FREEMAN Would you like to pull the restraint down now?
NARRATION The challenge is to come up with a restraint system
that holds people comfortably and securely, no matter what
their shape or size.
PASSENGER Feels great. Really secure.
FREEMAN So you feel more secure hanging onto the handles?
PASSENGER If we're going upside down.
FREEMAN We're going upside down.
PASSENGER I'll hold on.
NARRATION Ideally, the restraint system would be adjustable
to fit each rider -- but the time that would take between
rides would make the rollercoaster unprofitable. This system
works well for Cindy, an average sized woman. But Bill, who's
a little larger, would clearly have some problems. The lap
bar is meant to fit snugly across his legs.
FREEMAN Obviously, this is not going to restrain his body
and offer the support that he needs when this vehicle turns
on its side or goes upside down.
NARRATION Bill can be accommodated only by shortening the
lap bar so it can reach his lap. Now the system works fine
for Bill.
FREEMAN Okay, how do you feel?
BILL I feel really secure. There's no place to go.

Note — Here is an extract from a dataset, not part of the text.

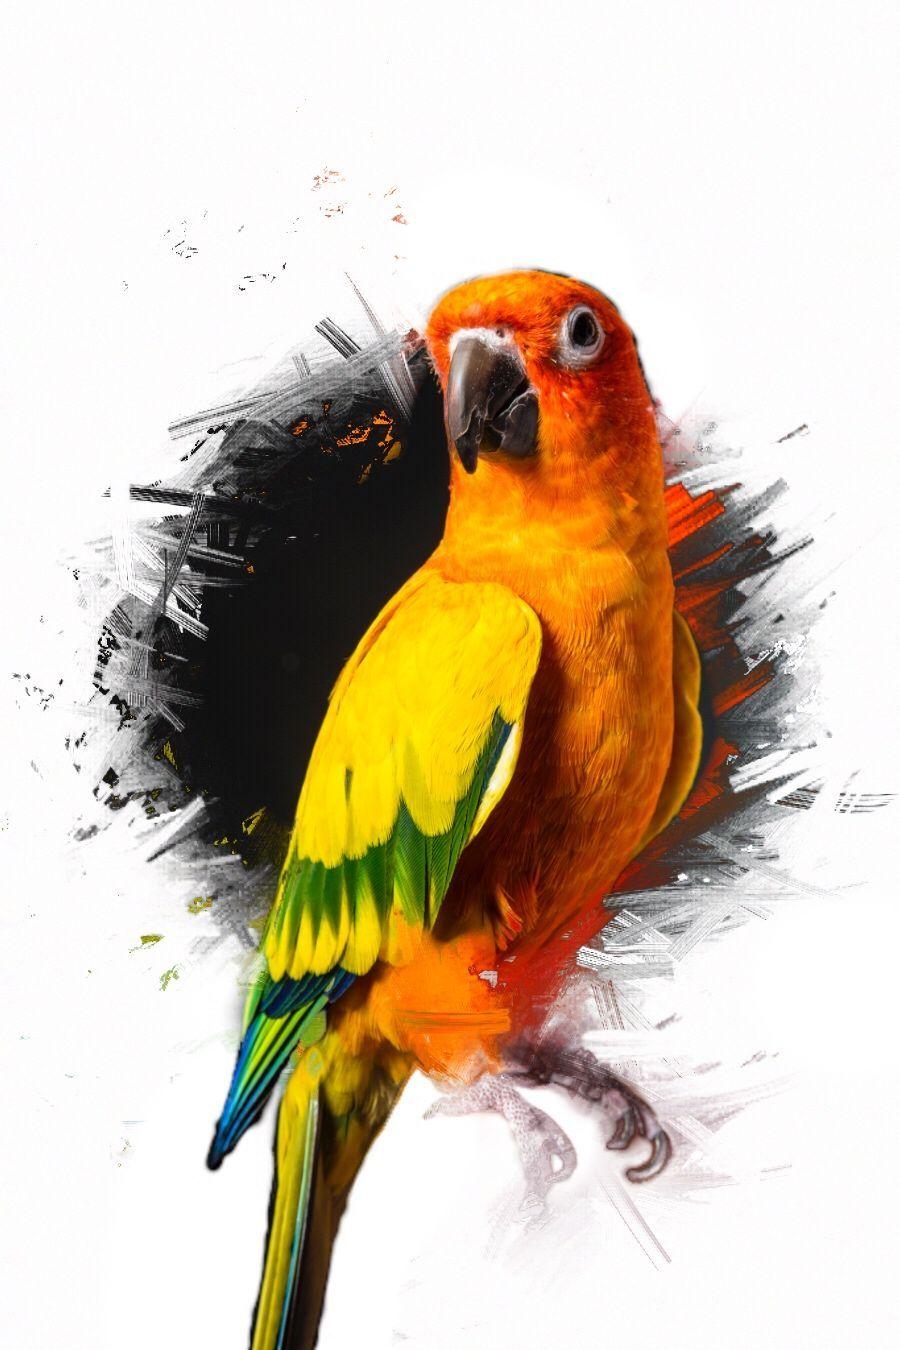 Logan Paul Maverick Logo - Maverick the parrot | ramdom | Logan paul, Logan, Maverick logan paul

NARRATION But can it still do a good job on someone Dusty's
size? Arrow's goal is to fit children four feet and taller.
Dusty's four feet four.
FREEMAN Pull that down so it's tight. Feel good? Feel locked
in? Okay.
NARRATION The shoulder restraint only keeps him from falling
forward. it's up to the lap bar to hold him in.
FREEMAN Okay. Dusty, how ya doing?
DUSTY Fine.
FREEMAN Good. Things feel OK here?
DUSTY Yeah.
FREEMAN Okay, your legs are tight, look like they're good
and tight, your arms -- you're holding on a little bit here,
your head's clear, OK, and you're off the seat just a few
inches. Let's turn him back up.
NARRATION Dahl is increasingly confident his system will
hold riders as different in size as Bill and Dusty, comfortably
and securely.
FREEMAN There's a partial compromise here. If I were setting
it just for him, I'd probably move this lap bar another 1
or 2 inches. But the way the seat is designed in the lap bar,
we got a range here, where we can lock him in securely, and
as well deal with someone that probably weighs 4 or 5 times
as much as he does.
NARRATION Devising an effective restraint system was a problem
they'd anticipated. But the first time they put a mock-up
of an entire car on the track, there was a nasty surprise
in store. Because the car sits down between the rails, when
it goes through its barrel roll, the rear passengers are brought
within a dangerous few inches of the track.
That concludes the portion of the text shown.